Pictured: Joe Manchin
It’s water Thursday, and hopefully we’ll get to the roundup after work tonight, but wanted to bring you a rare bit of good news: the Vessel Incident Discharge Act, which would have removed needed protections against invasive species in the Great Lakes, was actually defeated in the Senate yesterday!
We talked about this last year, and were officially Not Optimistic, saying it was part of the GOP’s mad desire for “letting industry control their own regulatory regimes.” That’s a big part of this, and something we need to keep fighting against.
It’s also an interesting story, because it is part of the larger geological and hydrological history of opening up the Great Lakes to the world. The Niagara Falls was an enormous barrier to any creatures trying to make their way to the Lakes, if they could even get past the punishing downstream currents of the St. Lawerence.
But the building of canals and the invention of steamboats changed all of that, in ways that transformed not just the economy of our country, but the basics of geology. Global trade, in which huge vessels picked up ballast water from the Bosporus, teeming with life perfectly suited for that environment, brought that life here, where it wasn’t suited (and obviously vice-versa, this isn’t an assault against America or anything).

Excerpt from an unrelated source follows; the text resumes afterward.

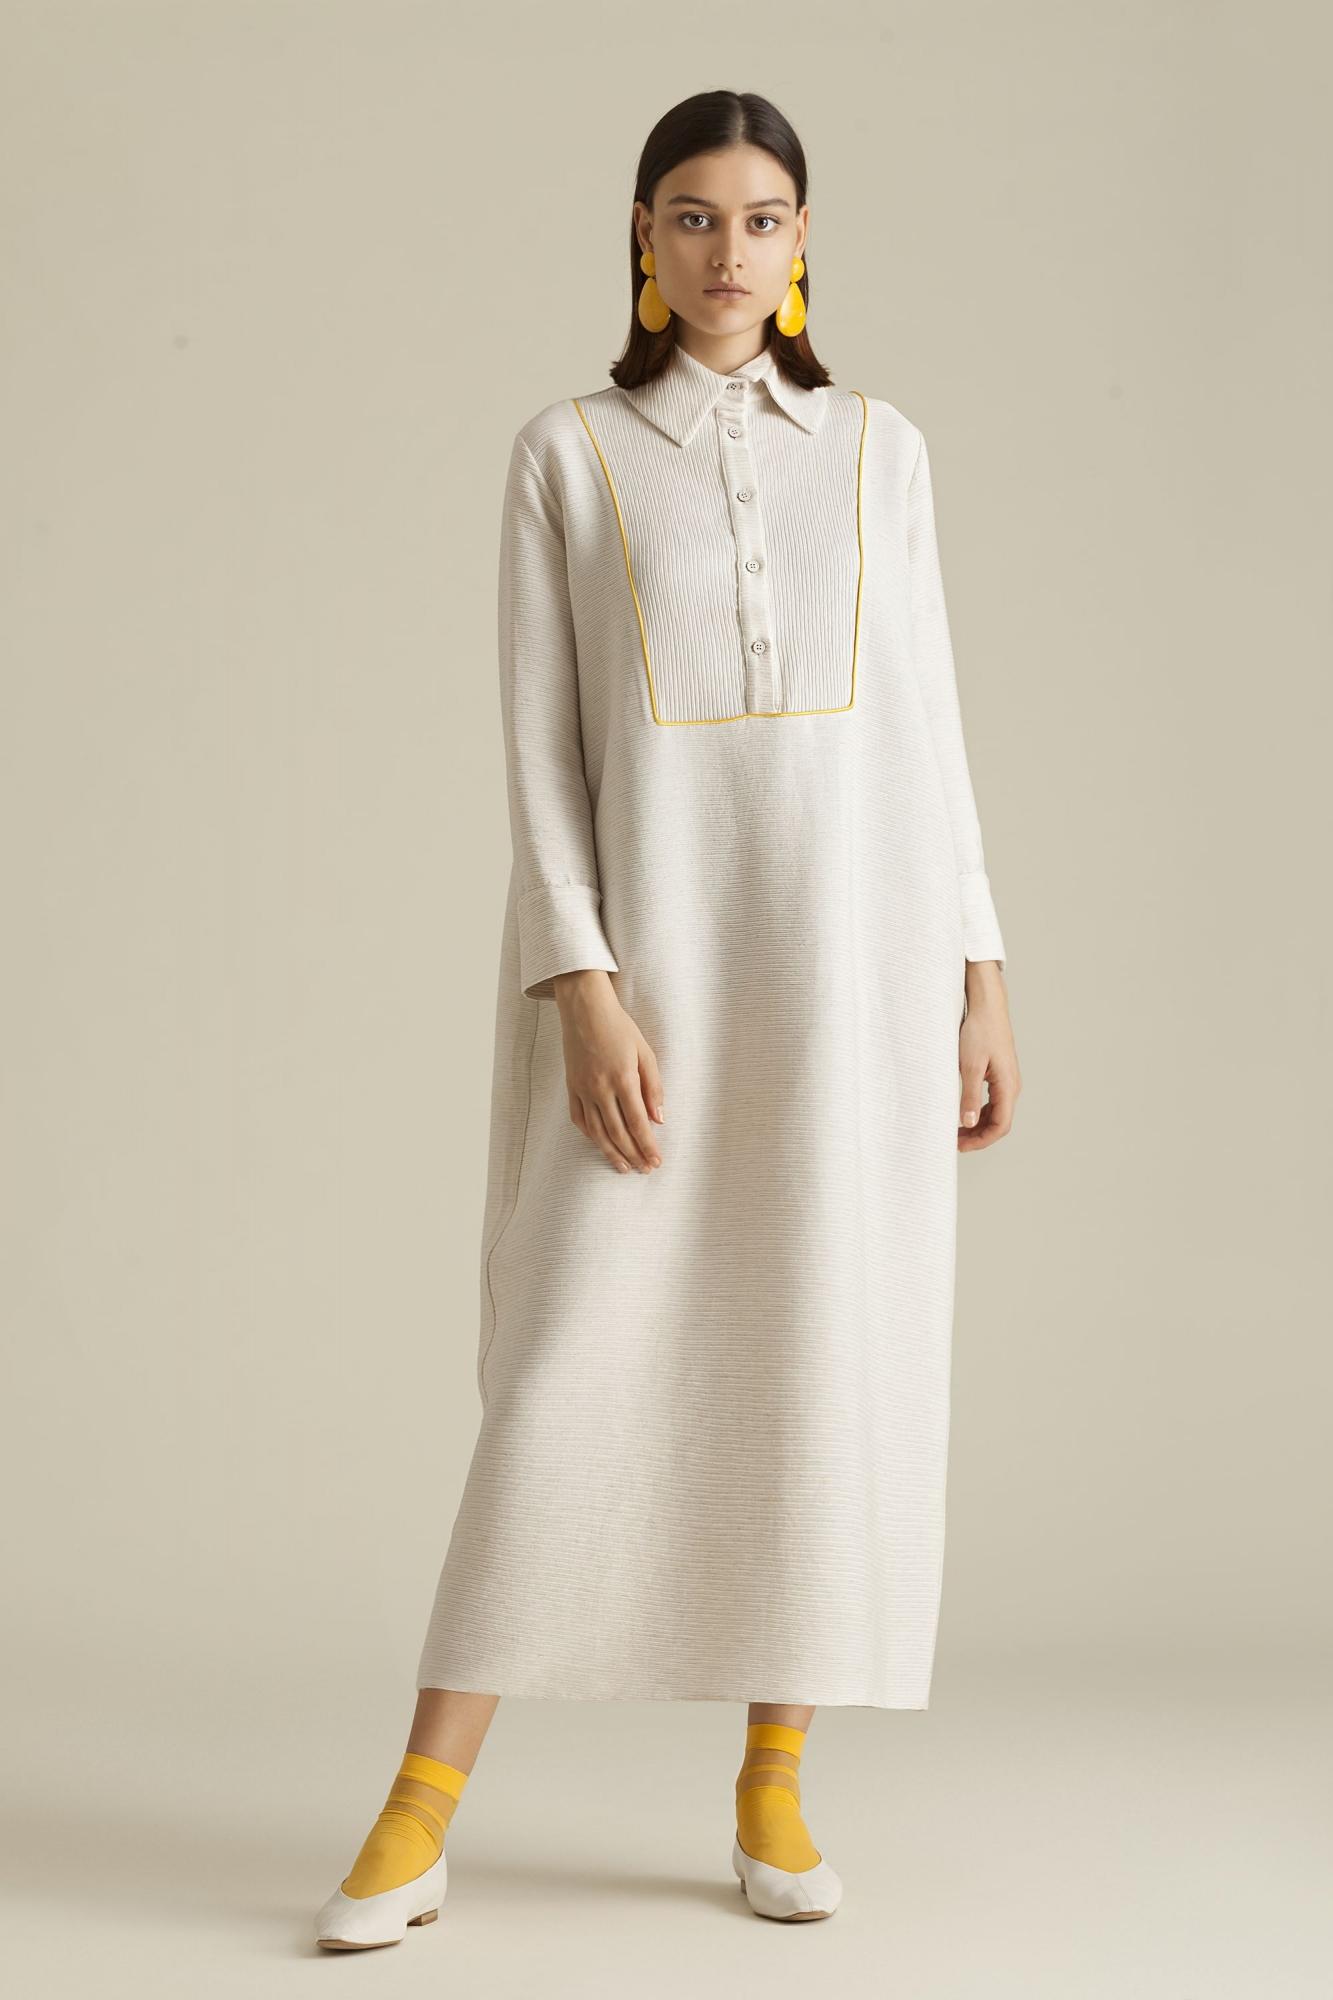 Kuaybe Gider - 2059 Elbise Ekru-Sarı

Trade is good. Connecting the world is good. They’ve brought enormous benefits. But there are huge risks and downsides, which we need to work against so that everyone benefits. That “everyone” should also include ecosystems, which are where we, you know, live. That’s why regulations about ballast water were important, and why trying to remove them was insane.

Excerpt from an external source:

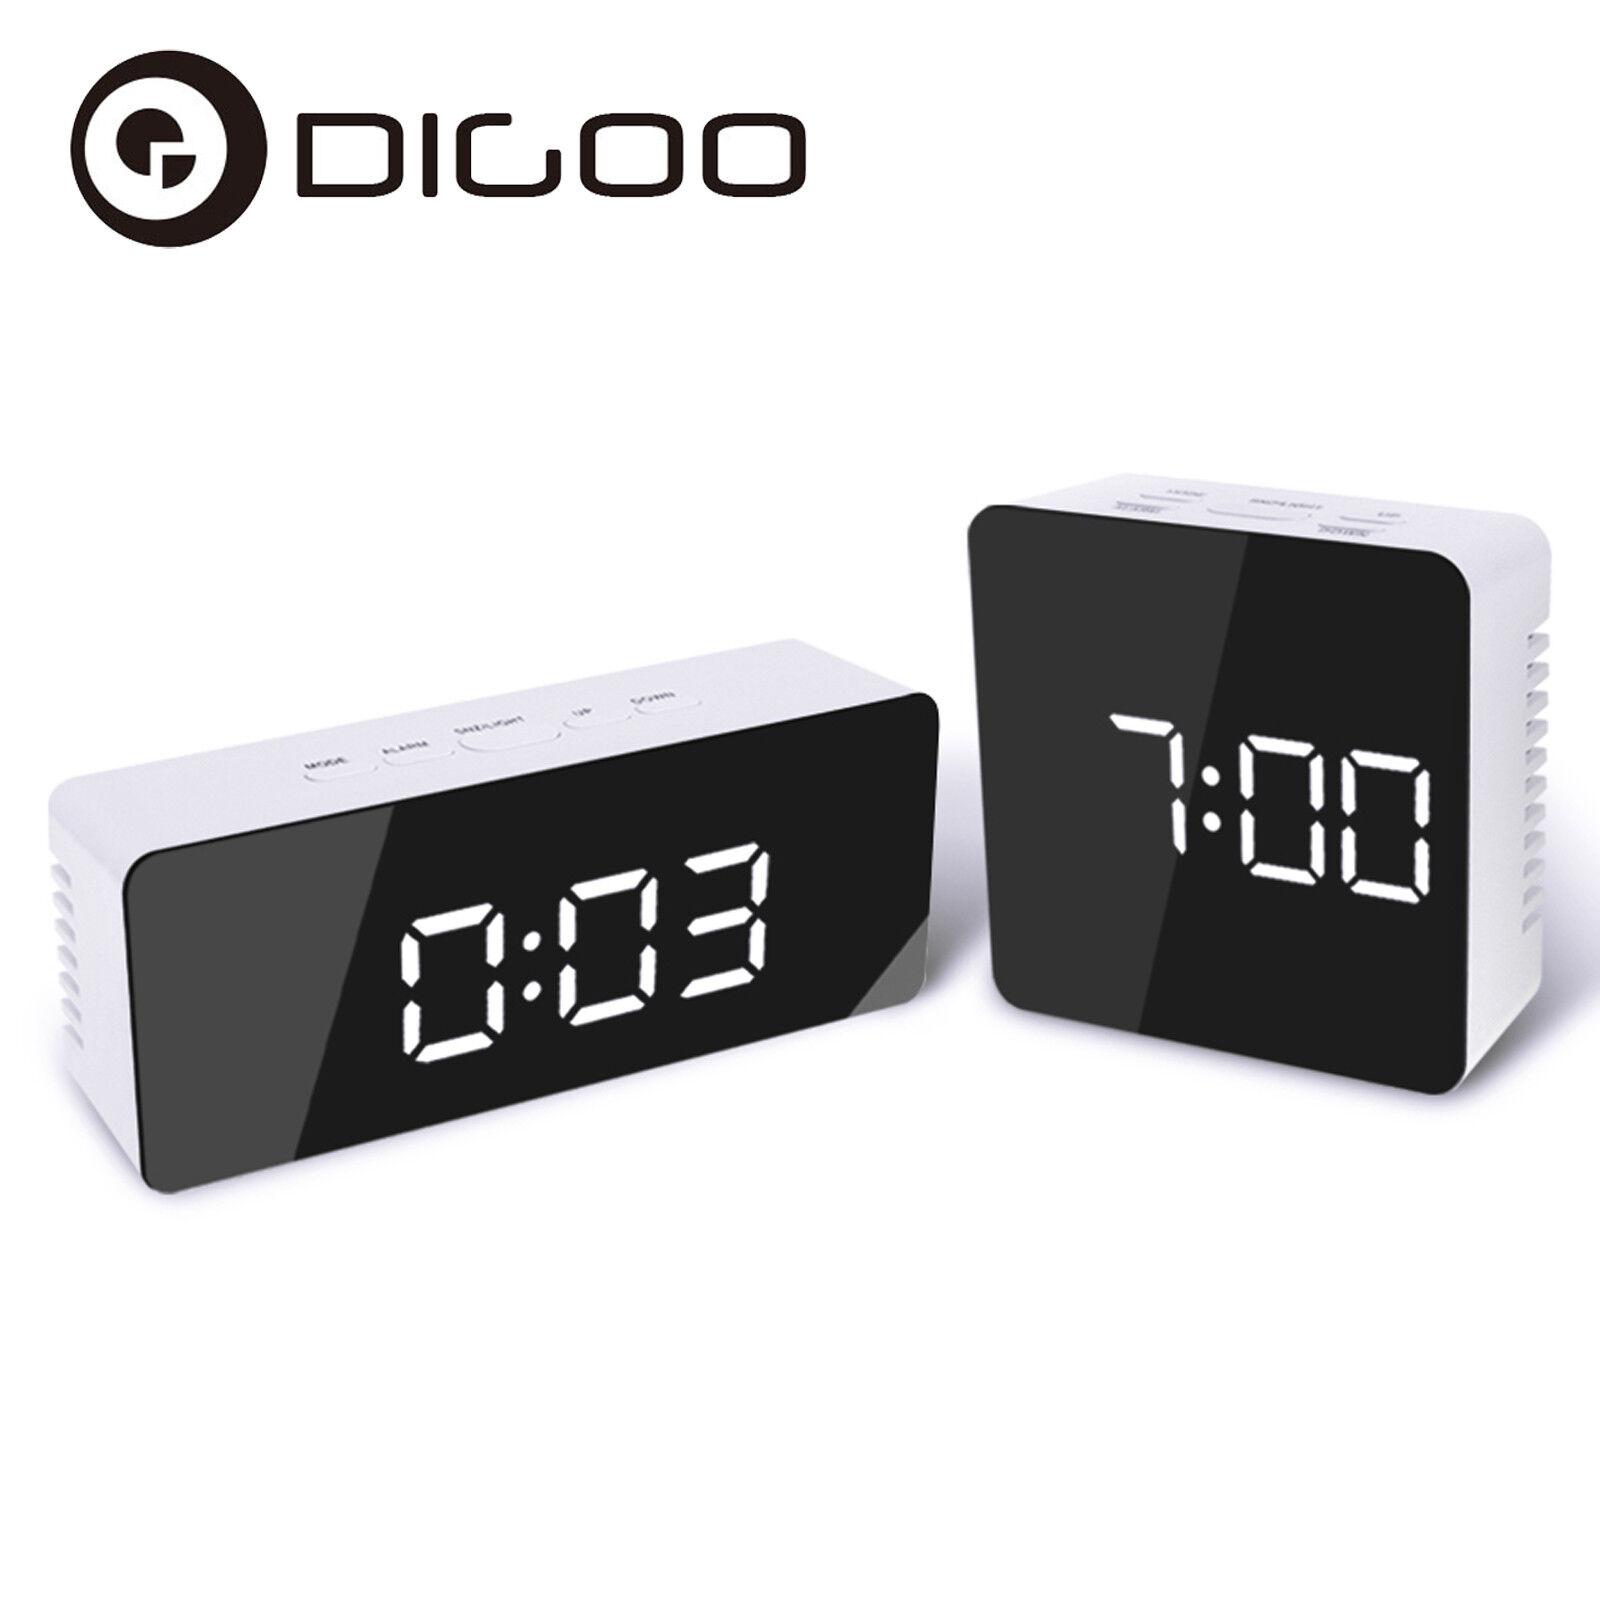 Digoo DG-DM1 Wireless USB Mirror LED Digital Thermometer Temperature Alarm Clock

I don’t have to tell you that nearly every Republican voted for VIDA, right? But they also had some Democratic help.
Democratic Sens. Bob Casey (Pa.), Joe Donnelly (Ind.), Heidi Heitkamp(N.D.), Doug Jones (Ala.), Joe Manchin (W.Va.), Claire McCaskill (Mo.) and Bill Nelson (Fla.) voted with Republicans to advance the bill. Everyone, besides Jones, is up for reelection in a state won by Trump in 2016.

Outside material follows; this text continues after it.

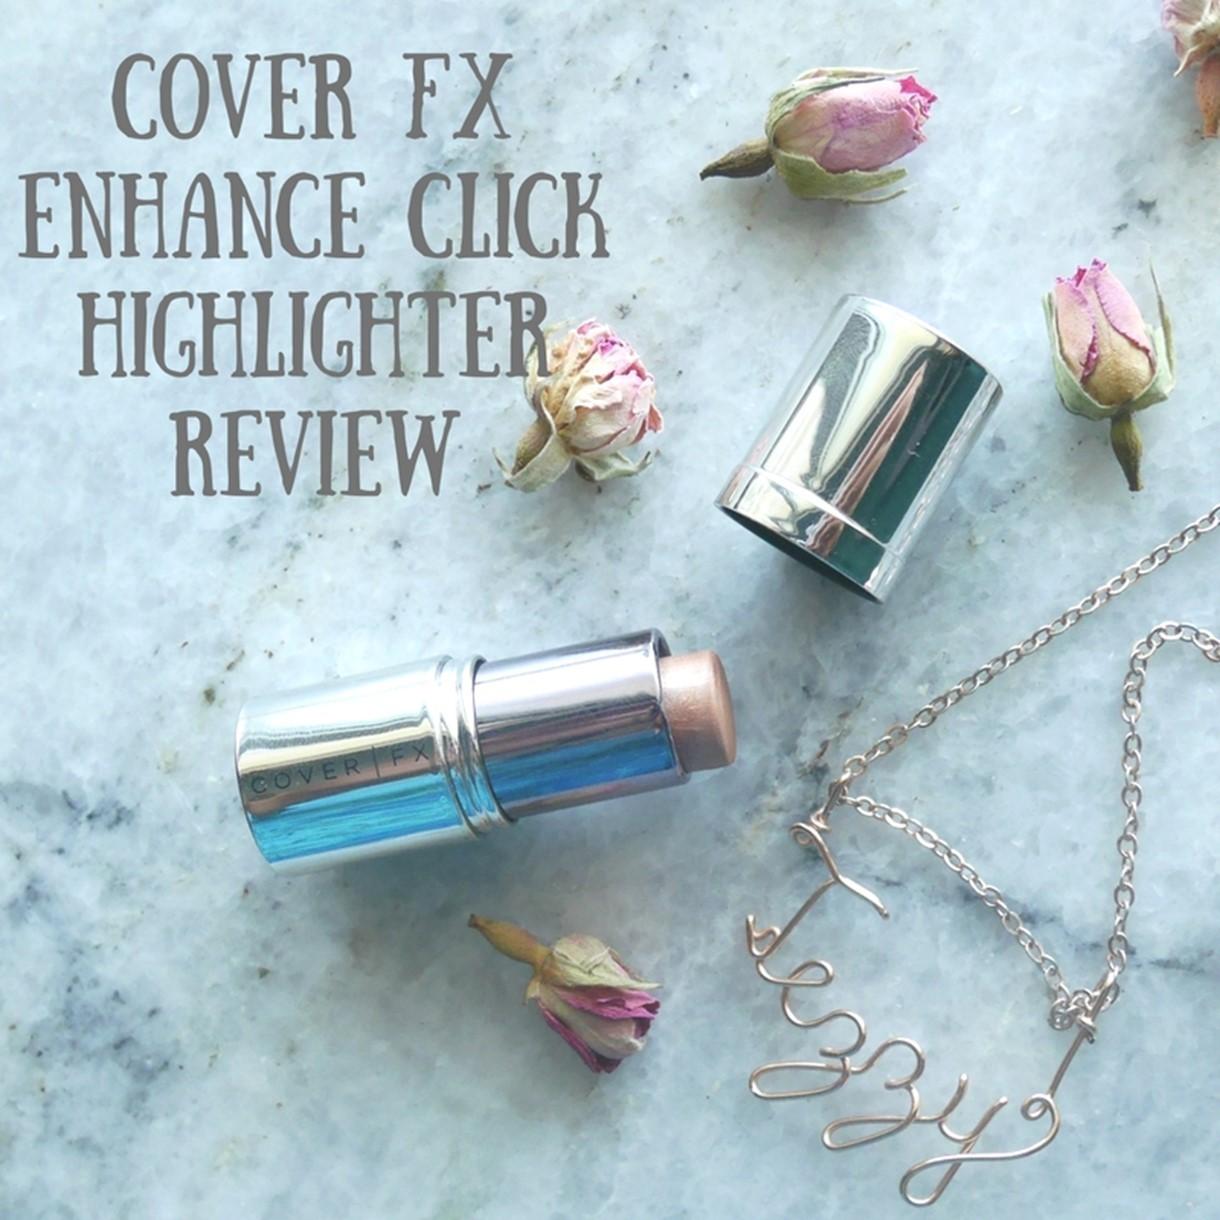 Cover FX Enhance Click Cream Enhancer Rose Gold Highlighter Review Dubai Beauty Blog Sephora Middle East Highlighter Strobing

Casey and Donnelly are Great Lakes senators, which is particularly maddening. But think about what that says: it says that red (or reddish) state senators feel that any environmental legislation is so toxic, even one as obvious and benign as this, that they are siding against it for cheap political points. Even though I doubt that there are many people in landlocked West Virginia too damn concerned with inconvenience to oceanic freight, Manchin sided against clean water.
That’s nuts. One of the consequences of opening up the Lakes to the world is that every river system that is connected to them can can be infested with invasives. And since Chicago reversed the river, that means the Mississippi watershed, which includes the Ohio and all its tributaries, which includes the Kanawha and the Monagahela, which are in West Virginia. And I think the Missouri runs through North Dakota and, well, Missouri.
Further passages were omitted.